Change Your Image
montur
Reviews
The Phantom of the Opera (2004)
Are paid critics the right people to criticise?
I sometimes wonder where film critics learn their trade. I believe that, if we are invited to read the opinions of someone who gets paid for giving them, then the very least we should expect is a reasoned, objective augment of the subject. It seems to me that many professional critics use their voice, not to make considered appraisals of the movie they have seen, but to give us all an exhibition of how well they can employ irony (often bordering sarcasm) in their writing. All too frequently however, they misjudge their audience. Rather than applaud their wit, we tend rather to lament their ignorance. Some critics of The Phantom of The Opera may serve as an illustration. One even went so far as to criticize the story. Gaston Leroux may not have been the most noteworthy of French writers but, as a rather excellent biography on this website will attest, he excelled at the genre of Gothic Romance. That's what Phantom is and we mustn't lose sight of that fact. One critic speaks slightingly of the gaslamp effects conjoured in the film. "So what?" he asks, suggesting that modern audiences expect and usually get so much more. If we go to the cinema to watch Gothic Romance then we must expect to watch something like Phantom or Frankenstein or Wuthering Heights. It is fatuous to criticise the story! And this movie is Gothic Romance par excellence. All the ingredients are there in abundance. The subterranean chambers, the gas lamps, the masques, damsels in distress and of course that hint of the supernatural. All enhanced by the music of that awfully repetitive and predictably tedious composer whose work is still being listened to on Broadway after eighteen years! Oh when will people wake up to the fact they are being asked to enjoy such kitsch as some critic from Chicago described the film? Something I have found critics singularly incapable of doing is suspending their disbelief. This impediment ensures that they also suspend their enjoyment. One dreads to think how some of them would approach Macbeth. Probably criticise the story.
55 Degrees North (2004)
Predictable but enjoyable, easy watching.
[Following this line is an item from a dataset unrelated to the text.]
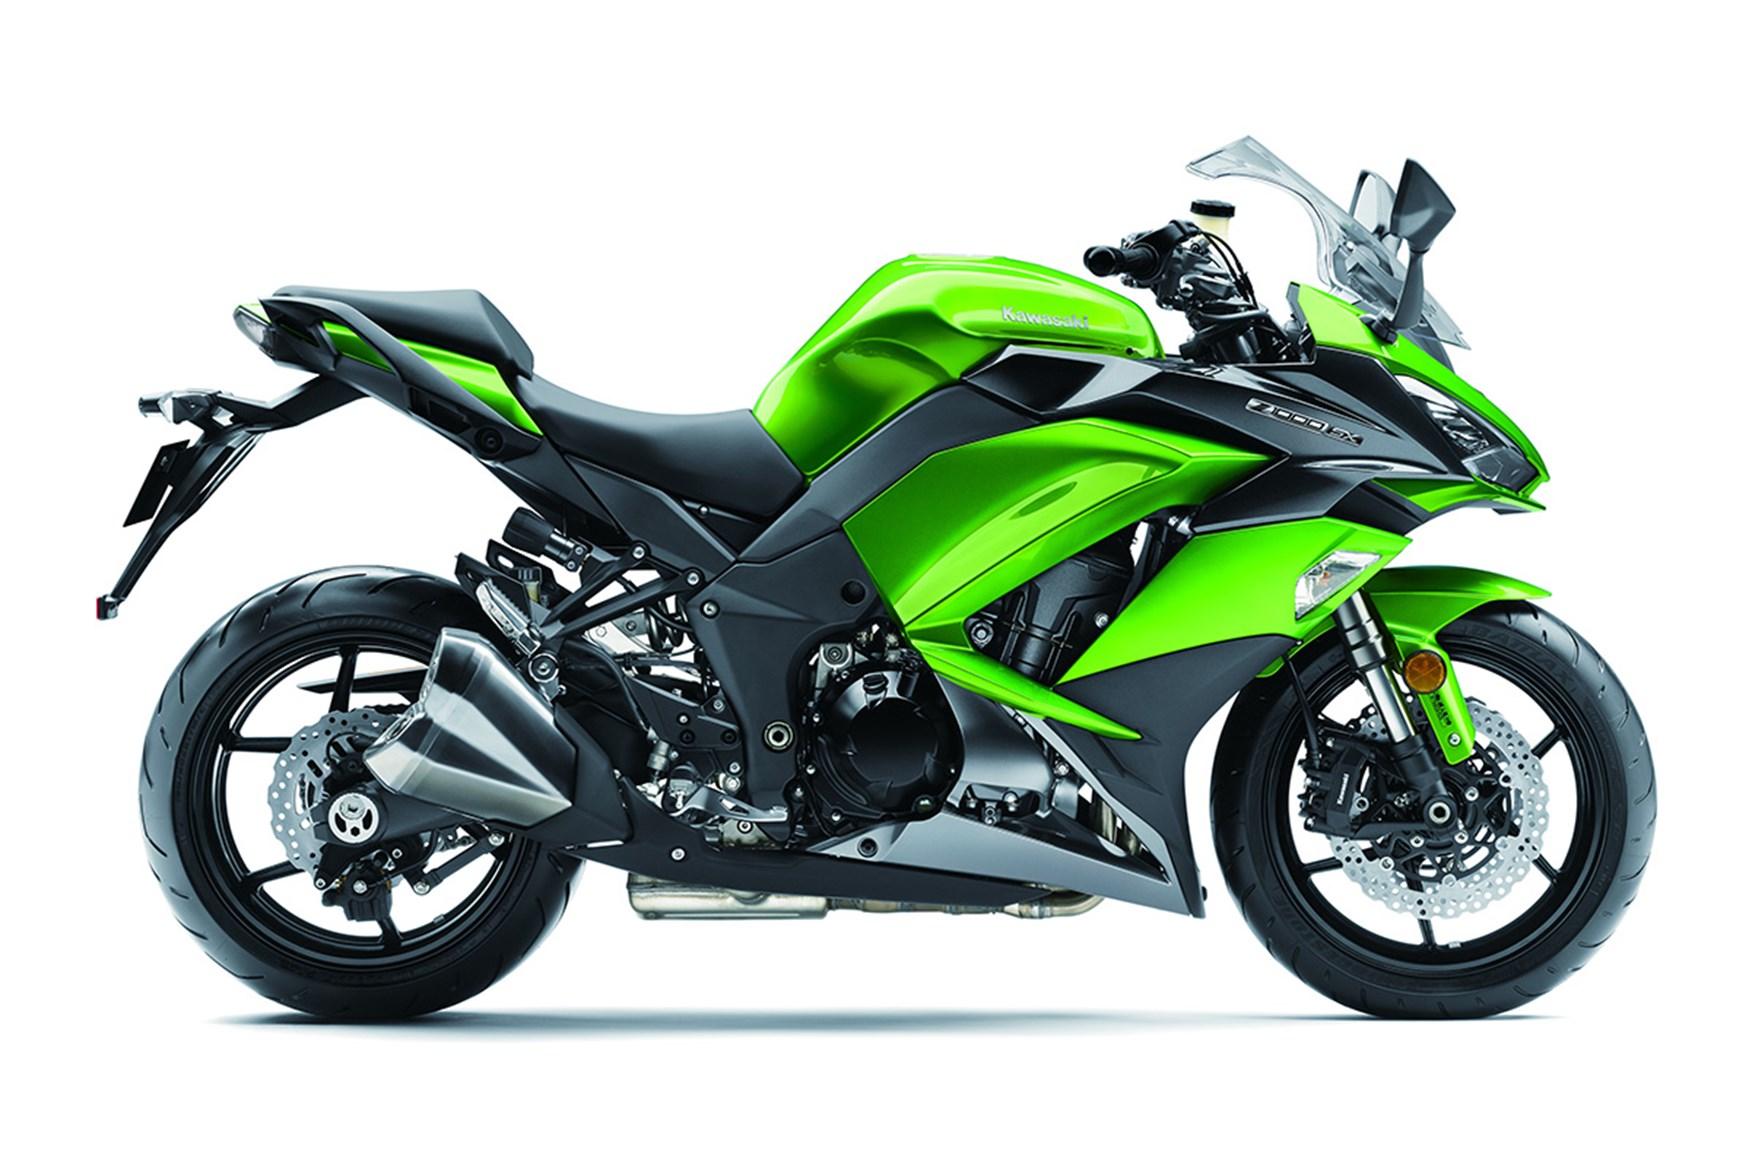 2018 Kawasaki Z250SL, RM15,600, New Kawasaki Motorcycles, Kawasaki Selangor   imotorbike.my

I'll go along with the cliché comment. Life is full of clichés isn't it? That's why they become clichés I suppose. To some extent we expect them, even anticipate them. The protagonist in this case is black, struggles with broken relationships and family trauma, is threatened and subjugated in the workplace, yet comes through triumphant. If we are prepared to suspend our disbelief we can nevertheless get satisfaction out of watching him do all these things. I agree, we know in advance that he will eventually liaise on a different level with the police solicitor, and that's part of our enjoyment; the dramatize irony built into the script allows us to know something that the protagonists don't. In the end we will be pleased that we were proved correct. Sit back and let it wash over you! Incidentally, I agree too with the Tyne Bridge observation, and have you noticed how lately every drama set in London has a night shot of HSBC Bank and the Isle of Dogs?
Top Gun (1986)
MiGs? What MiGs?
What do these US film producers take us for? A film with an abysmal script and predictable plot enlivened by some very accomplished airborne photography and clever editing - not to mention skillful flying - is reduced to a cartoon film strip by Top Gun flyer's identifying F-5 Freedom Fighters as MiGs! Oh for heaven's sake... we had to resort to such tactics when we made Reach for the Sky back in the 50s, surely we don't have to do it now. Having flown in the Royal Air Force for forty years, I can vouch for the fact that the average USAF jock's aircraft recognition skills can be suspect at times - to say the least! But the Best of the Best (Oh Really!) shouldn't be seen splashing F-5s!! It's bad for morale. I suppose any old jet will do, as long as they look different from Tomcats, their pilots have got black bone domes and look vaguely foreign.
Wrong Turn (2003)
A poor choice for Saturday night armchair entertainment
A vehicle for slashing, burning and revealing midriffs. Entirely predictable and almost entirely without merit. The Jasper Carrott (Brit comedian) lookalike slashers have some effective make-up but that's about it I'm afraid. Whilst I don't mind being asked to suspend my disbelief, I find it a bit difficult when supporting females are torn to shreds instantly whilst the lead bimbo is captured and spreadeagled on a table for no apparent reason other than to make us wonder if she's going to be ravished! The denoument in most movies sees the seventh cavalry arrive in helos with flashing blues and armies of police. Why does this one end with a solitary cop in his patrol car? I'll give you one guess!